Let $G$ be the Heisenberg group of order $p^{3}$. This is the subgroup

$$G=\left\{\left(\begin{array}{ccc} 1 & a & x \\ 0 & 1 & b \\ 0 & 0 & 1 \end{array}\right) \mid a, b, x \in \mathbf{F}_{p}\right\}$$

of $3 \times 3$ matrices over the finite field $\mathbf{F}_{p}$ ( $p$ prime).
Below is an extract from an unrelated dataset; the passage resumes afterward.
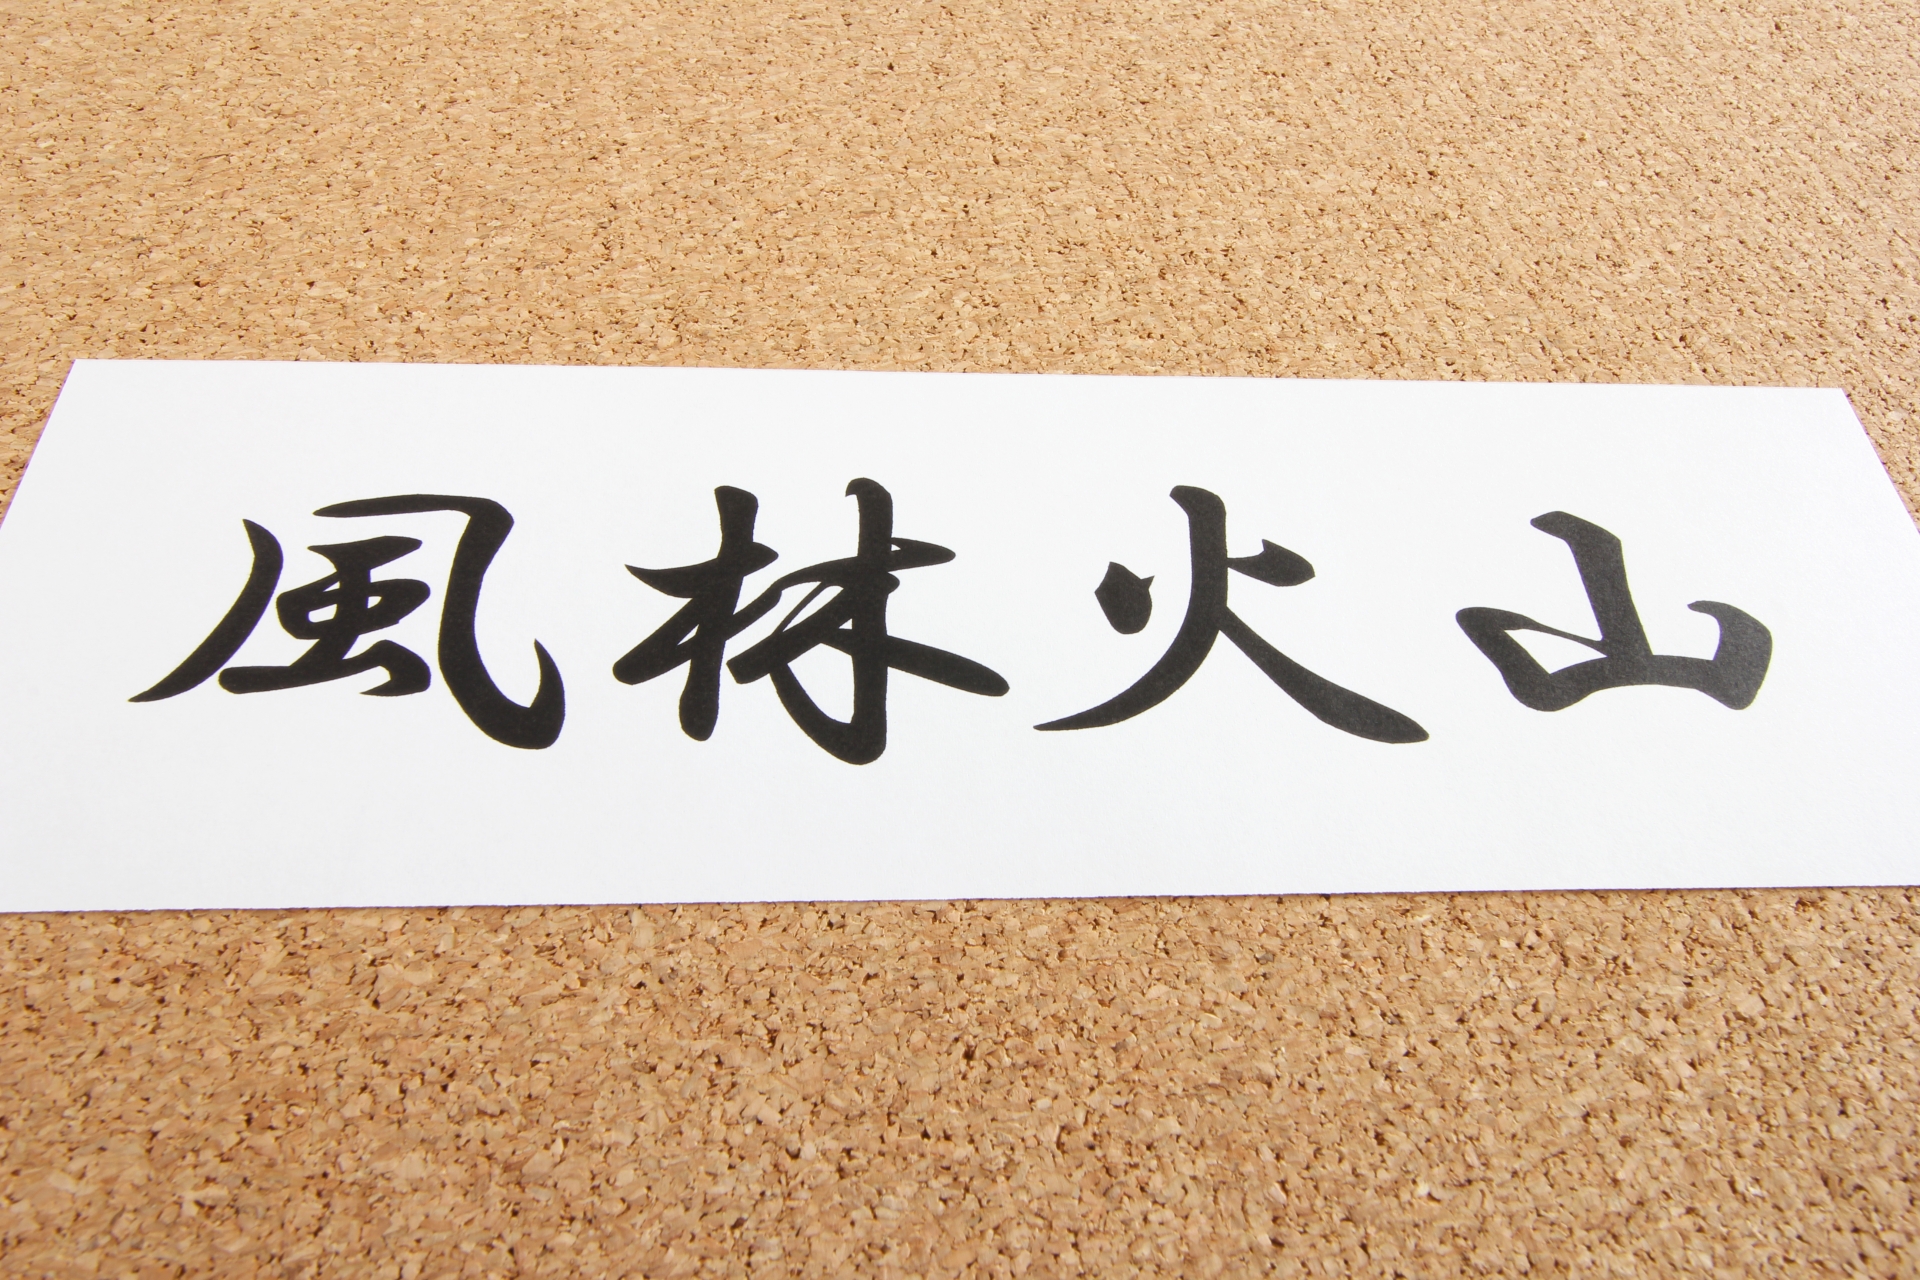 美文字の流儀 実践3日目 漢字の美文字ルール 47種類の部首について お役立ちlabo 生活の 便利 を届けるブログ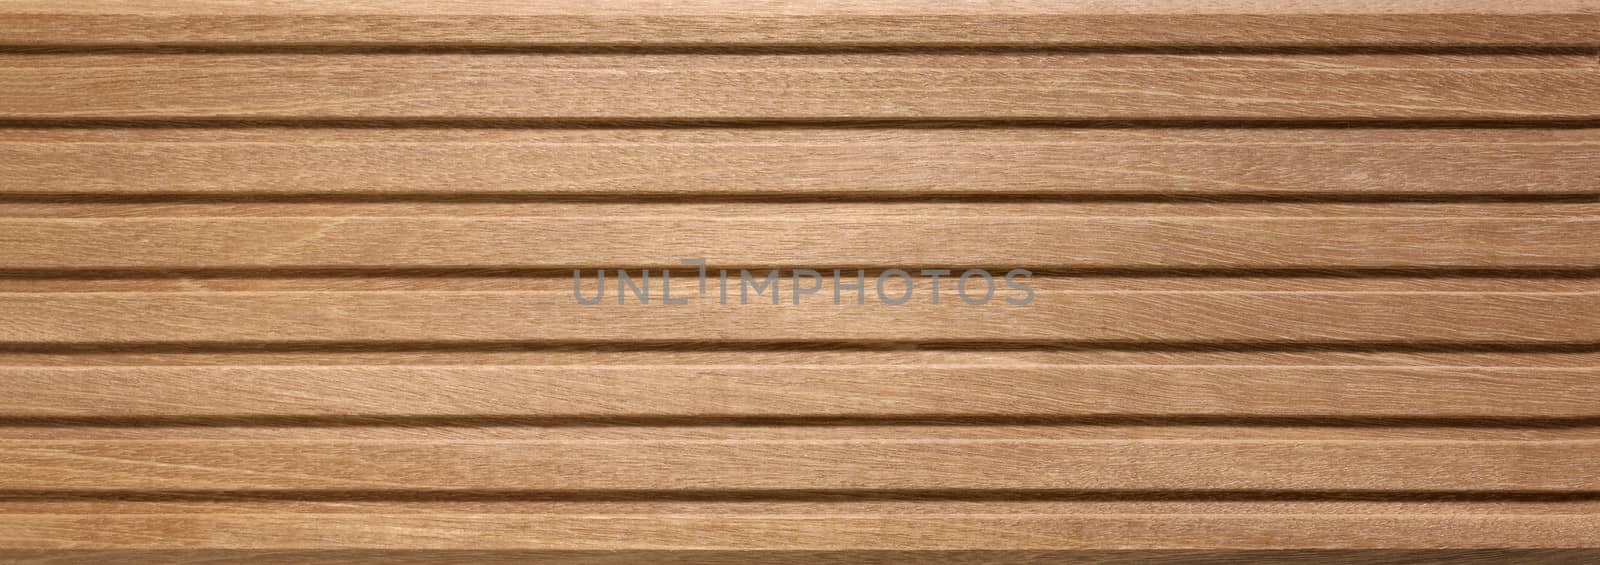 wooden board by gewoldi

Let $H$ be the subgroup of $G$ of such matrices with $a=0$.

(i) Find all one dimensional representations of $G$.

[You may assume without proof that $[G, G]$ is equal to the set of matrices in $G$ with $a=b=0 .]$

(ii) Let $\psi: \mathbf{F}_{p}=\mathbf{Z} / p \mathbf{Z} \longrightarrow \mathbf{C}^{*}$ be a non-trivial one dimensional representation of $\mathbf{F}_{p}$, and define a one dimensional representation $\rho$ of $H$ by

$$\rho\left(\begin{array}{lll} 1 & 0 & x \\ 0 & 1 & b \\ 0 & 0 & 1 \end{array}\right)=\psi(x)$$

Show that $V_{\psi}=\operatorname{Ind}_{H}^{G}(\rho)$ is irreducible.

(iii) List all the irreducible representations of $G$ and explain why your list is complete.